Sequencing the genome (whole-genome sequencing, WGS), exome (whole-exome sequencing, WES), and transcriptome (RNA sequencing, RNA-Seq) are three approaches that help researchers detect somatic cancer genome alterations such as nucleotide substitutions, insertions, deletions, copy number variations, and chromosomal rearrangements. Targeted sequencing can be used for regions of interest at significantly lower costs compared to the whole-genome approach. These investigations not only help in understanding the pathogenesis of cancers but also provide biomarkers that can identify novel targets for drug development. Importantly, these data can help guide cancer therapy using existing drugs against actionable molecular targets.
Cancer genome sequencing involves significant challenges – such as the quality (paraffin-embedded, variably degraded, heterogeneous) and quantity of samples available. There are ways to overcome most of these challenges and get meaningful data. For instance, increasing sequence depth can counter low sample purity and increased ploidy. Sequencing the ends of DNA library molecules can identify discordant pairs representing deletions, amplifications, inversions, or translocations. Paired-end reads have become a valuable strategy for cancer genomics. Finally, since most genetic abnormalities in cancer are somatic and not germ line, a comparison of a patient’s matched “normal” genome is crucial to interpret the alterations identified through deep sequencing.
Christos Hatzis, Ph.D. from Yale Cancer Center expounded on additional challenges associated with sequencing, in an AACR symposium “NGS: From Bench To Bedside”. Most of the data obtained with state-of-the-art sequencers is in the form of short reads. Hence, analysis and interpretation of these data encounters several challenges, including those associated with base calling, sequence alignment and assembly, and variant calling. These challenges have led to the development of innovative computational tools and bioinformatics approaches to facilitate data analysis and clinical translation.
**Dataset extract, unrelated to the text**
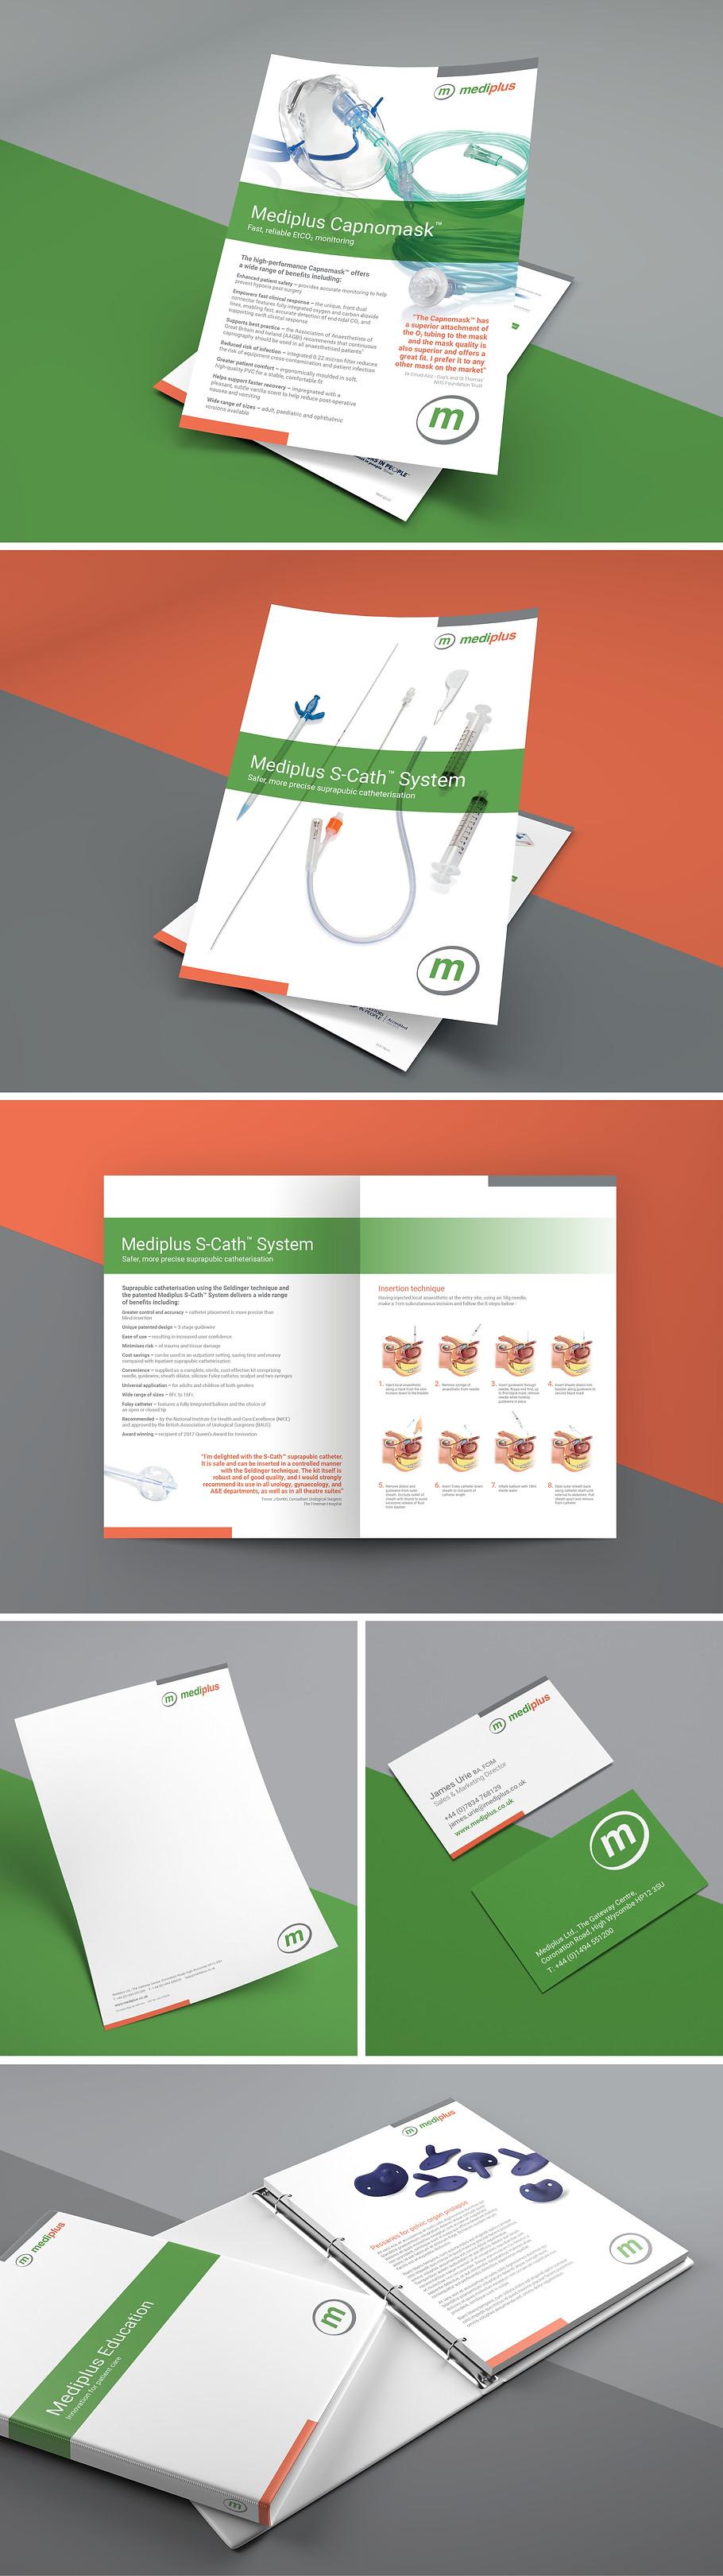 KOM Design | Mediplus

Bioinformatics and Multiple ‘Omics’ Approaches
Nearly 600 bioinformatics tools were developed over the past two years, and are being used to enable data analysis and interpretation. Some of these tools include those that assess the quality of short reads such as FastQC and htSeqTools, or a tool like MuTect that can be used for sequence alignment to detect somatic mutations with low allele fractions. One such tool that Hatzis discussed at length was a mutational analysis pipeline that uses sequencing data in addition to clinical information in order to develop correlations among mutations, genes, and pathways. This pipeline – the Mutational Significance in Cancer (MuSiC) can help differentiate passenger mutations from the so-called driver mutations. Similarly, MutSig is an interpretation tool that can detect significantly mutated genes. Multiple computational tools are used by cancer researchers, many of which have specific requirements because cancer genome data:
- Needs to be analyzed in conjunction with normal matched genome
- Involves highly rearranged genomes, and
- Have immense heterogeneity
A few examples include the ELAND aligner tool and CASAVA for mutation calling from Illumina , BFAST alignment tool , and PINDEL to detect indels . A comprehensive database of tools for analysis and interpretation tools for NGS can be found on SEQwiki .
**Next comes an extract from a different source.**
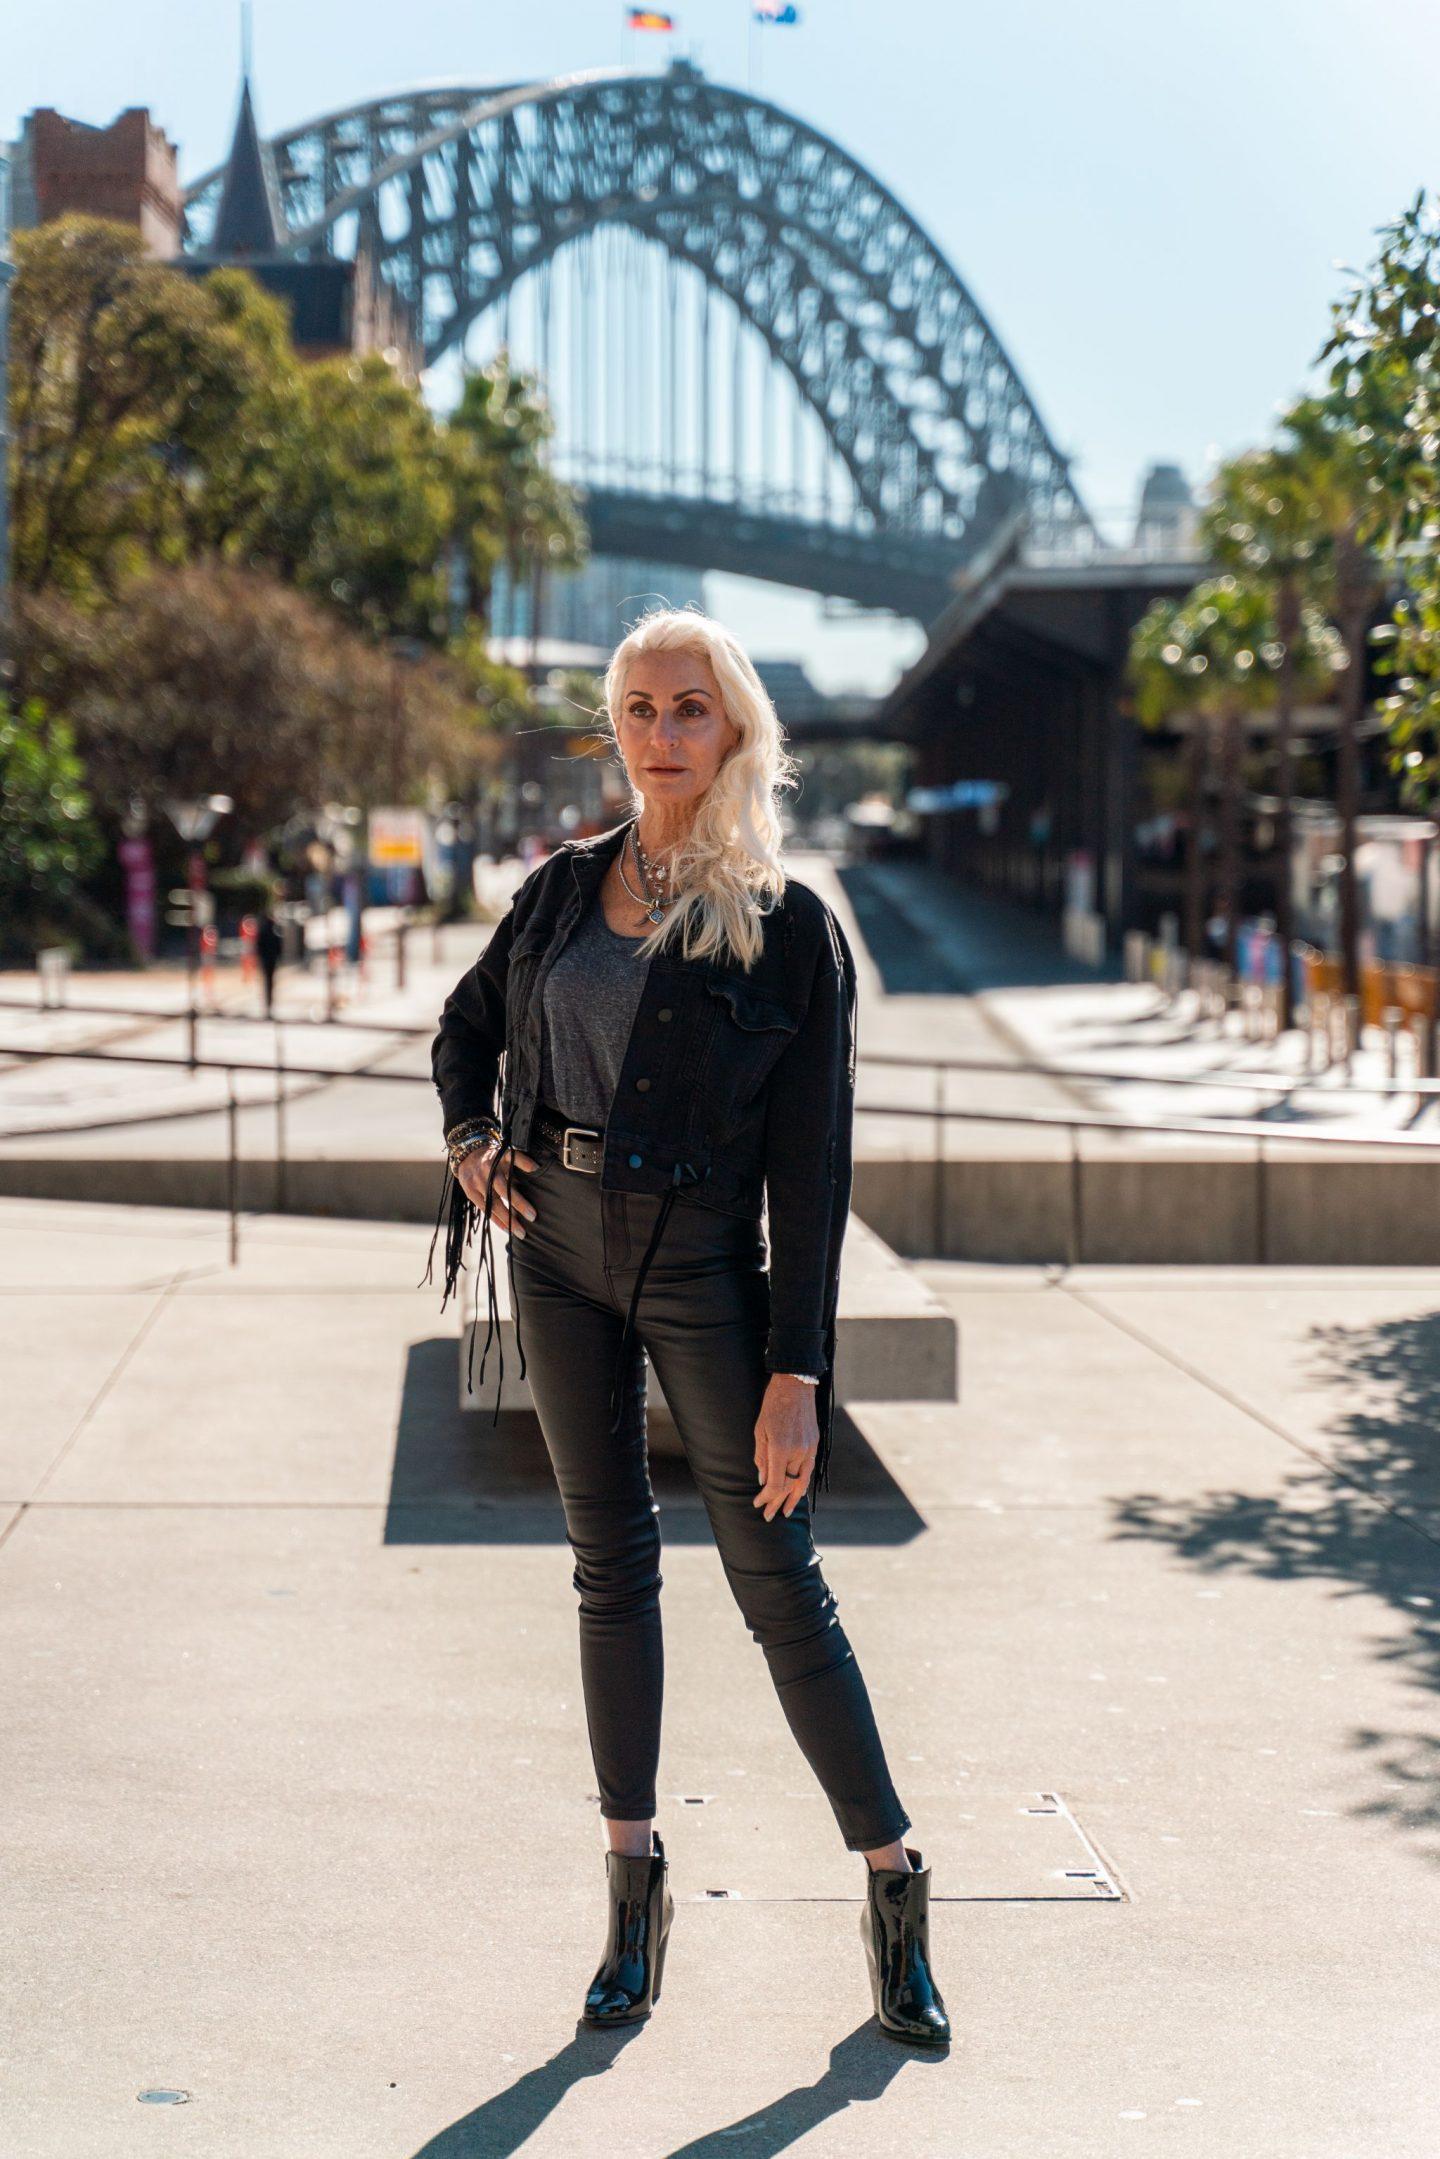 debbie corley fashion photoshoot - adventure in Australia

Analyzing the protein-encoding regions of the DNA by WES represents a powerful tool in the sequencing armamentarium. Hatzis quoting from an article in Scientific American, pointed out, “Analyzing an exome to understand disease is, in some cases like reading Cliff Notes to understand a classical textbook” . This is because the exome represents less than 2% of the total human DNA; hence WES only examines this small part while missing the majority of DNA. However, WES is a valuable tool because exons contain >85% of disease-causing mutations in all Mendelian disorders, in addition to majority of single-nucleotide variations in the genome. A recent study has demonstrated use of WES for characterizing circulating tumor cells . In addition to WGS and WES, transcriptome analysis through RNA-Seq can identify alternative splice variants and gene fusion events. RNA-Seq is also a powerful technique for expression profiling of therapeutically relevant transcripts.
In spite of the advantages that sequencing technologies offer, the rapidly dwindling costs are resulting in an ever-increasing amount of data generation. This threatens to overwhelm the analytical capacity, thereby creating a bottleneck. However, owing to the multitude of research groups working on the bioinformatics tools for sequencing, this may not be as big a problem as it is perceived.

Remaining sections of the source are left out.